## What the task requires
Copy without pictures. Please restate each line of the listing exactly.

━━ Source material

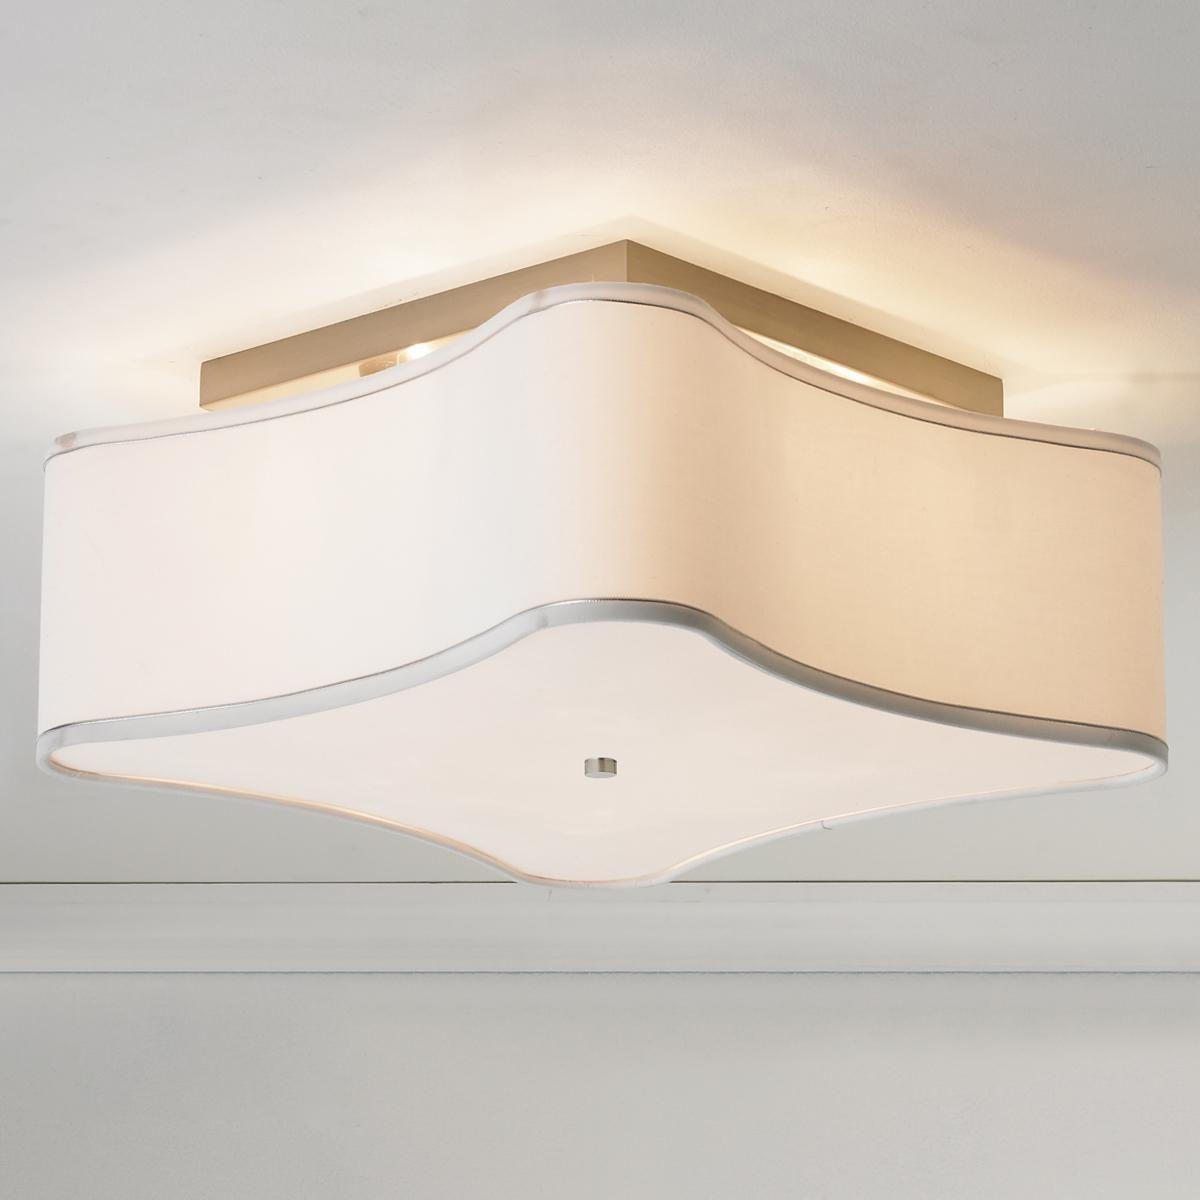 Scalloped shade semi flush ceiling light 4 light ceiling flush scalloped shade semi flush ceiling light 4 light aloadofball Gallery
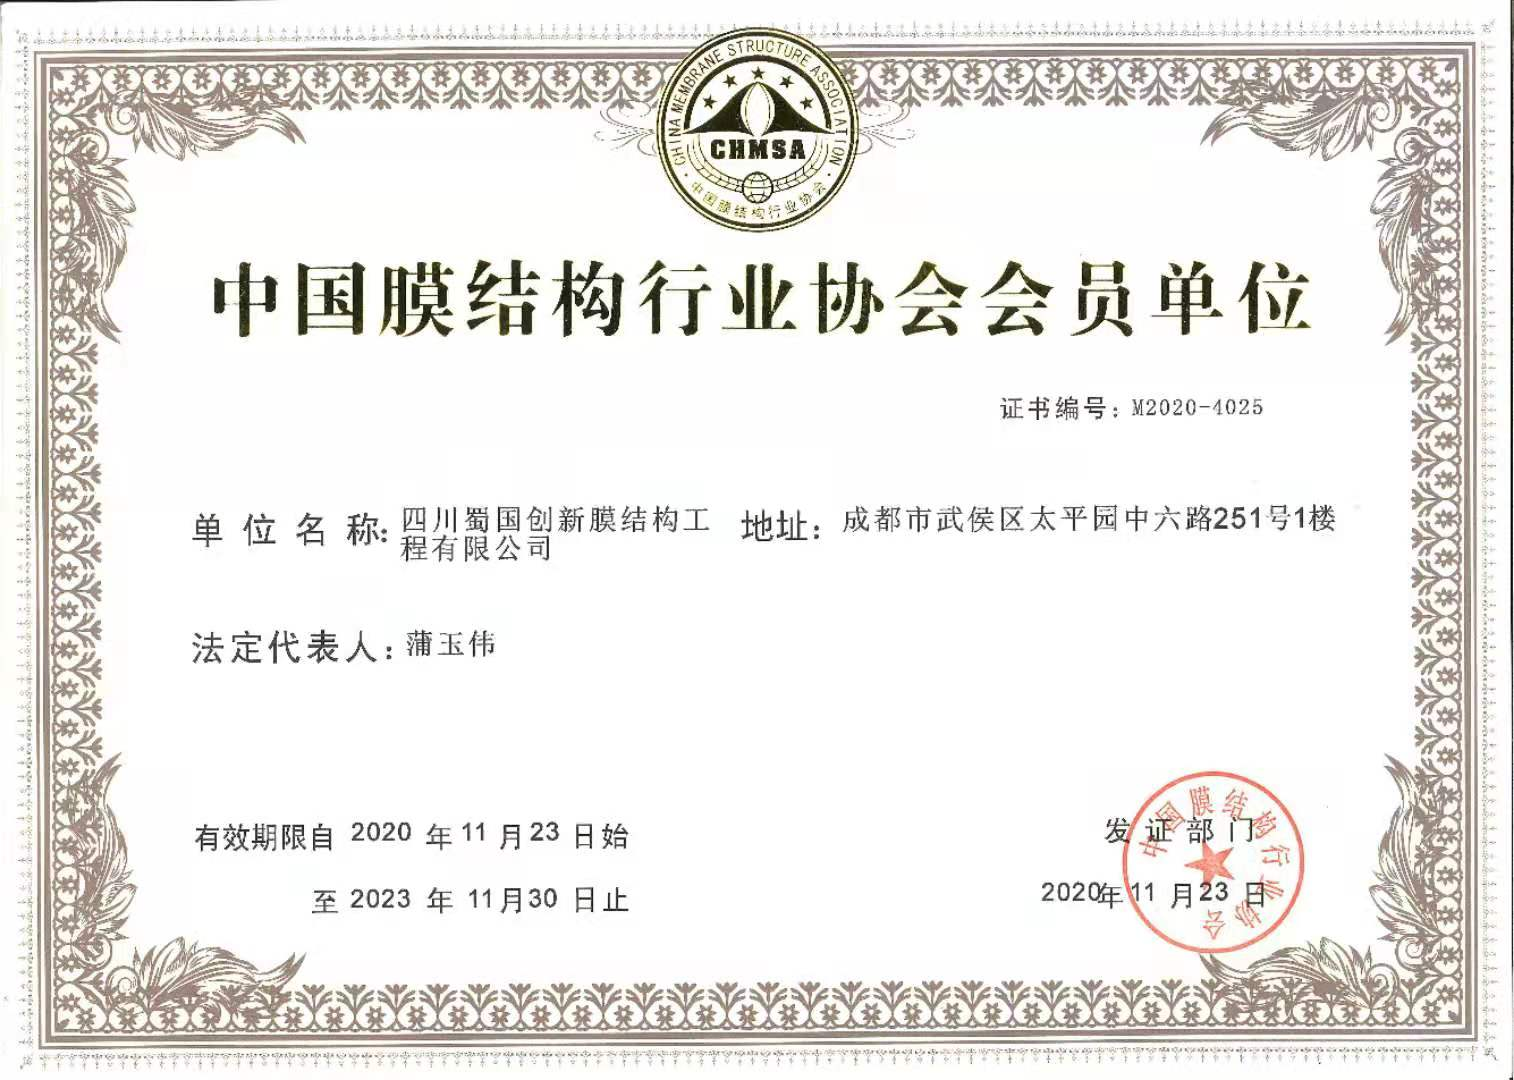 膜结构行业协会会员单位
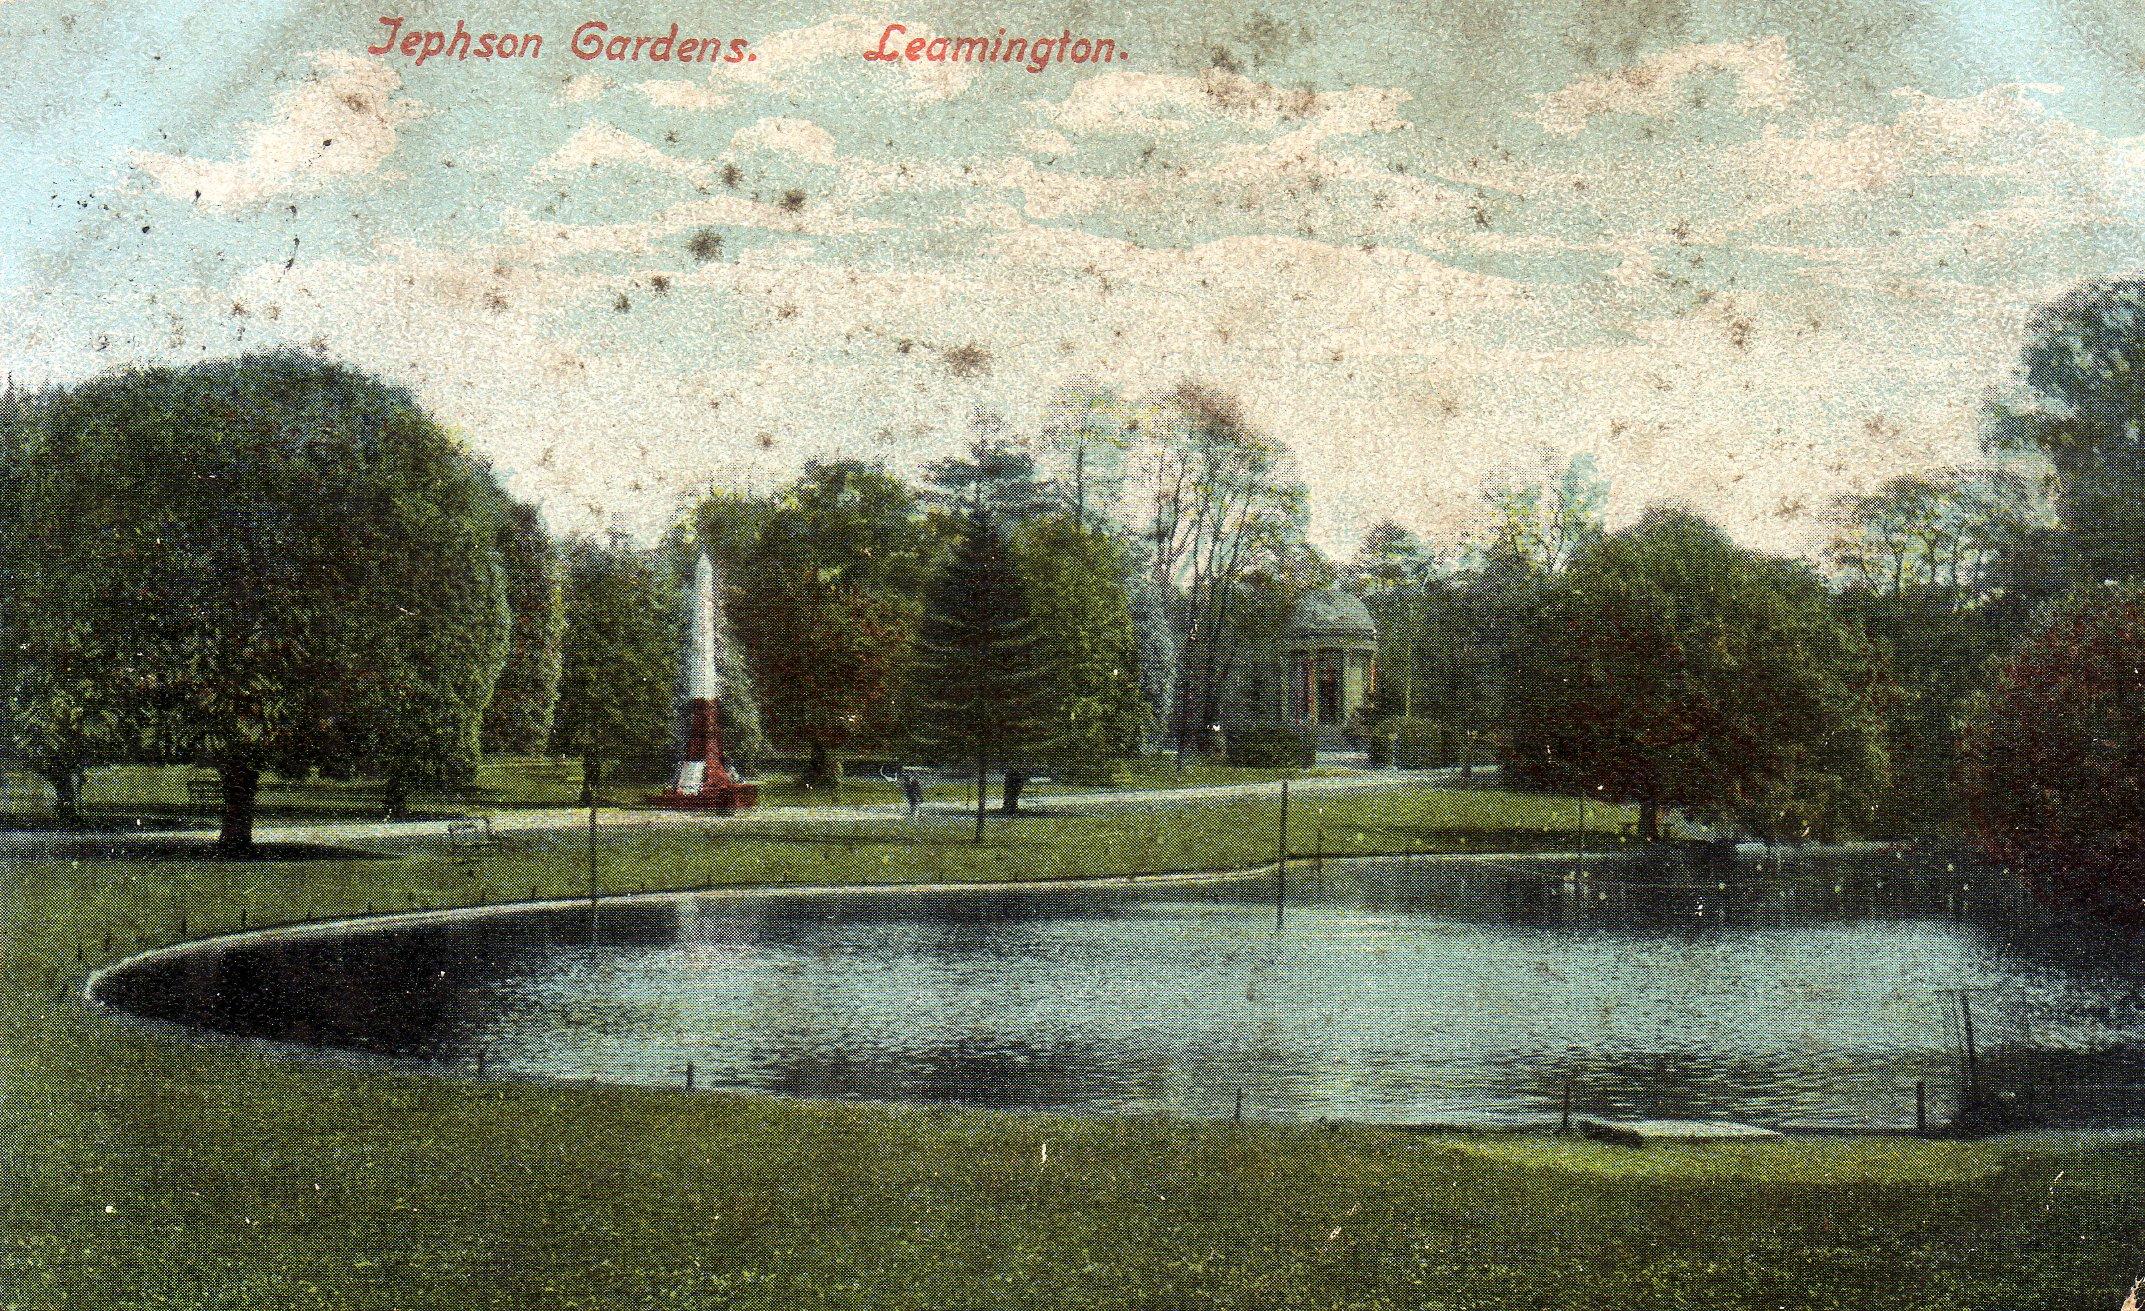 Jephson Gardens
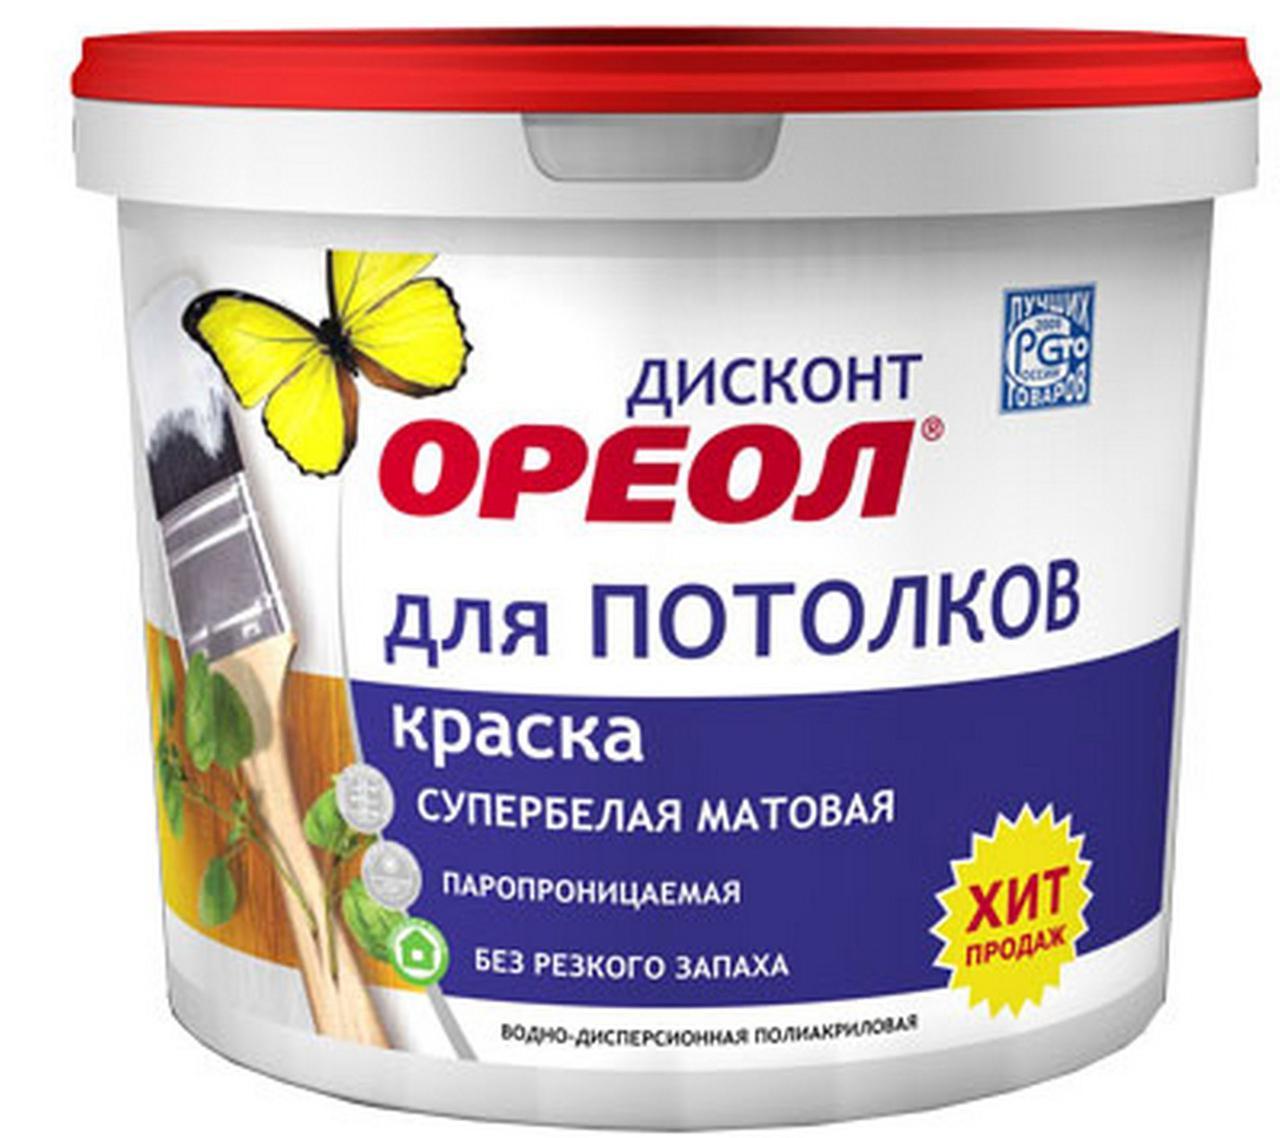 ВДАК Ореол Дисконт для потолков 25 кг
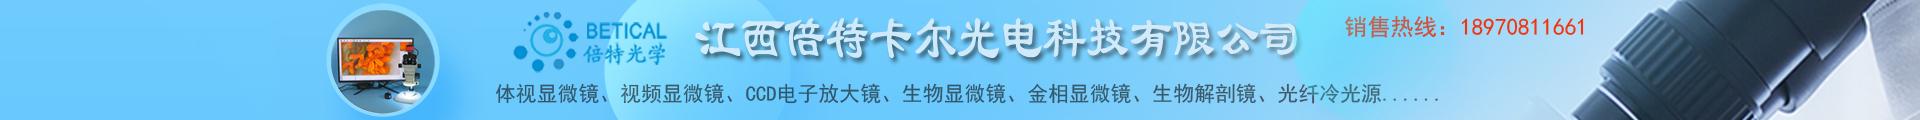 江西倍特卡尔光电科技有限公司
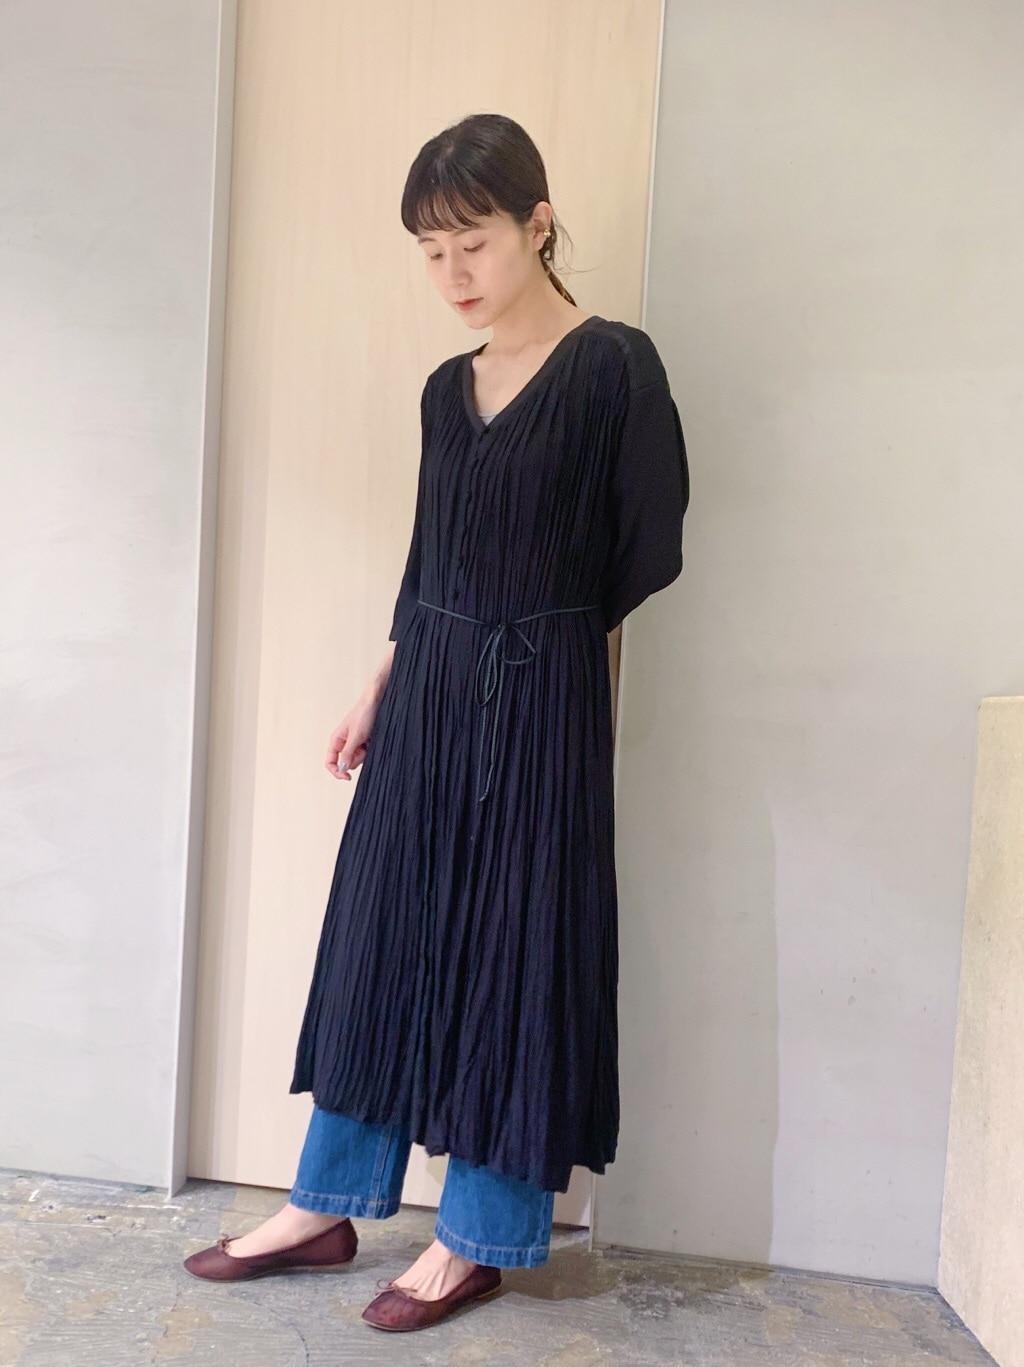 ルミネ新宿 2020.06.11

━━━━

## Exercise result
 Scalloped shade semi flush ceiling light 4 light ceiling flush scalloped shade semi flush ceiling light 4 light aloadofball Gallery
 膜结构行业协会会员单位
 Jephson Gardens
 ВДАК Ореол Дисконт для потолков 25 кг
 江西倍特卡尔光电科技有限公司
 ルミネ新宿 2020.06.11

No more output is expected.